There are three things that seem to be working for the Congress. First, the popularity rating of Congress President Sonia Gandhi and Prime Minister Manmohan Singh, the two public faces of this government, is fairly robust and getting better.
The crisis of leadership within the BJP has meant that none of the BJP’s national leaders is in a position to occupy the space vacated by former PM A B Vajpayee. Secondly, there is a subtle but clear nation-wise shift in preference from regional parties to the national parties especially in the context of Lok Sabha elections. The Congress, and to a lesser extent the BJP, seems to be gaining from this across many states.
Thirdly, the cycle of incumbency happens to favour the Congress at this moment. The Congress does not control too many state governments. In Assam, Andhra Pradesh and Maharashtra it happens to be in a position to avoid popular resentment because the government is still in its first half.

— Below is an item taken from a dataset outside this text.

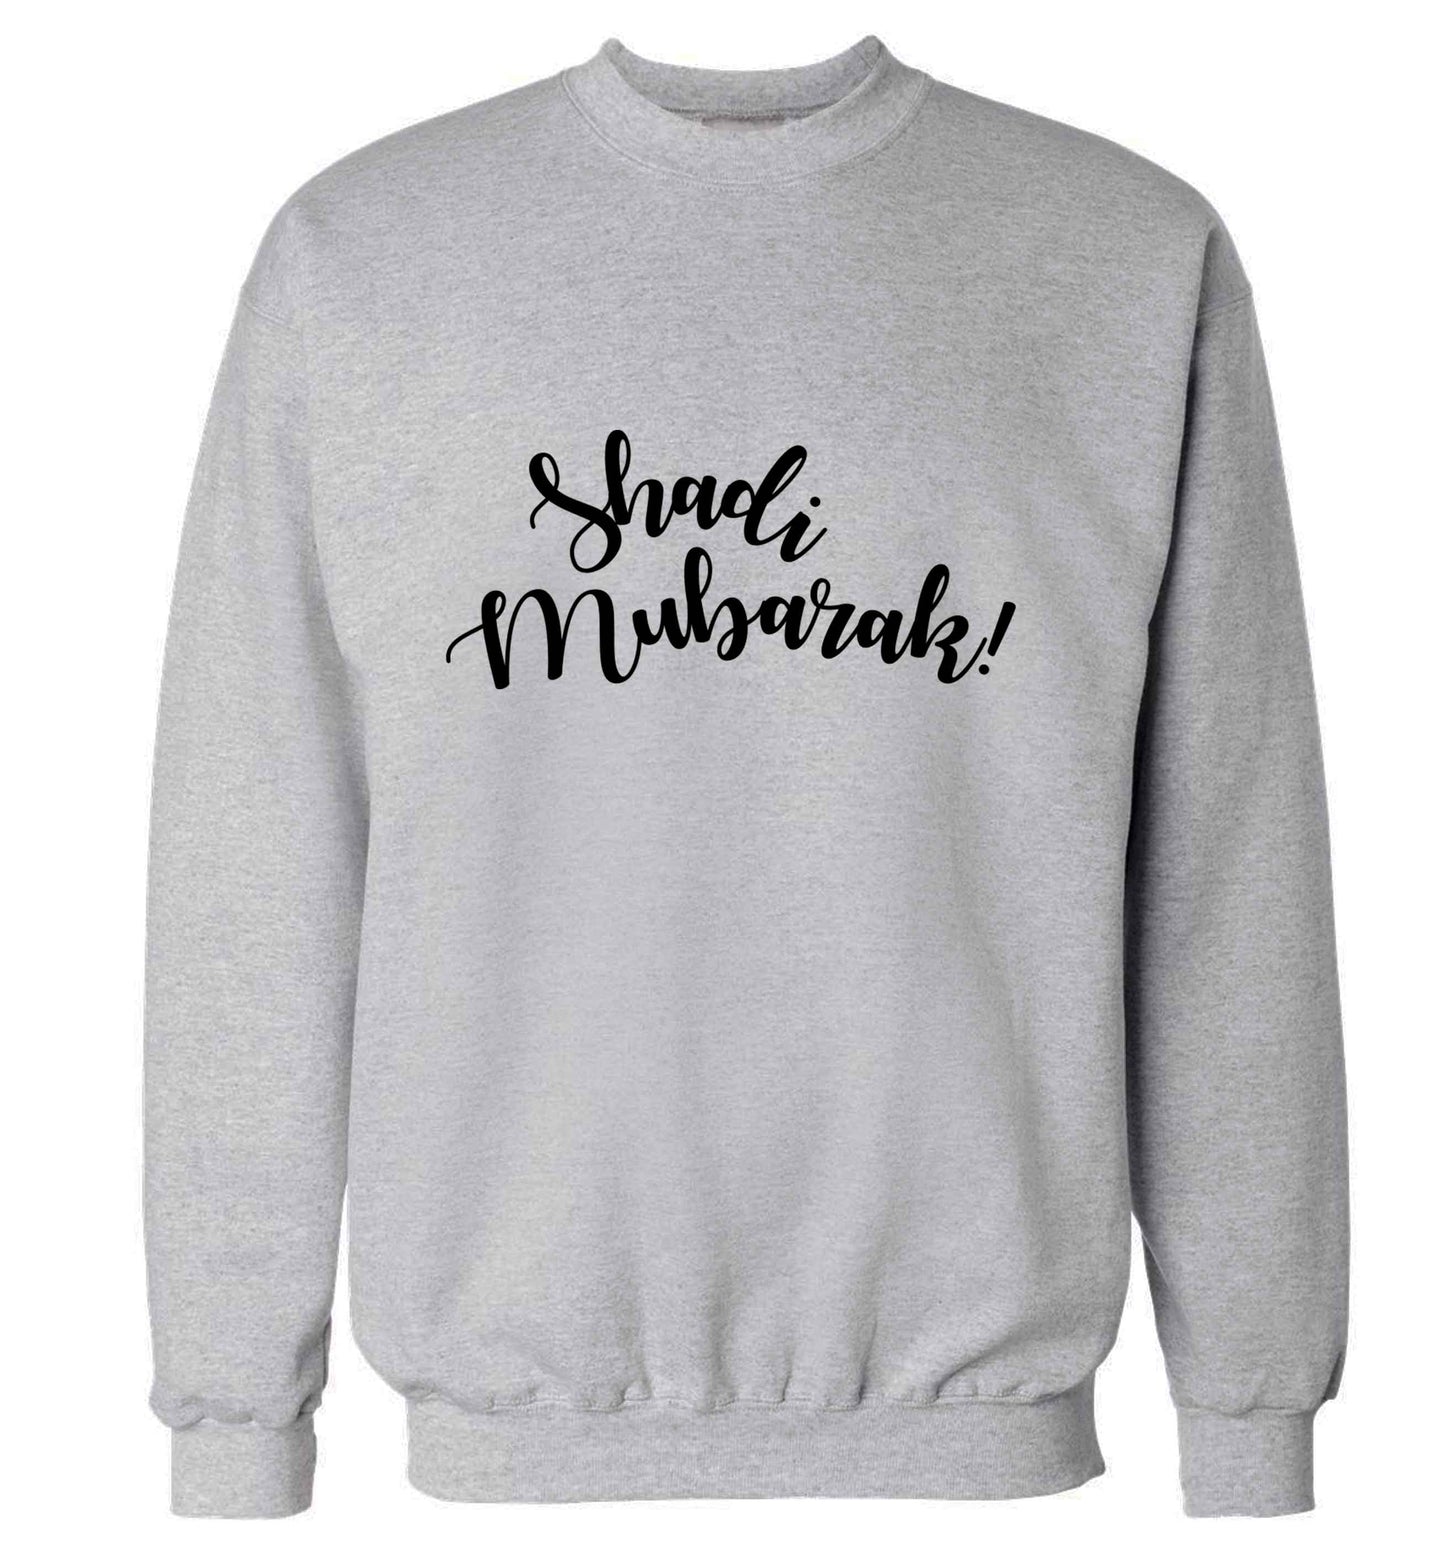 Shadi mubarak adult's unisex grey sweater 2XL

The NDA, on the other hand, is at the receiving end of the logic of incumbency in states like Rajasthan, Madhya Pradesh, Chhattisgarh. Factional fights in Jharkhand and a bad alliance in Karnataka has swung things against the NDA. It is only in Bihar, Orissa and to some extent Gujarat that the NDA has escaped the voter’s fury. This peculiar combination of the advantage of incumbency and anti-incumbency can give the Congress unusually high electoral dividends at this moment.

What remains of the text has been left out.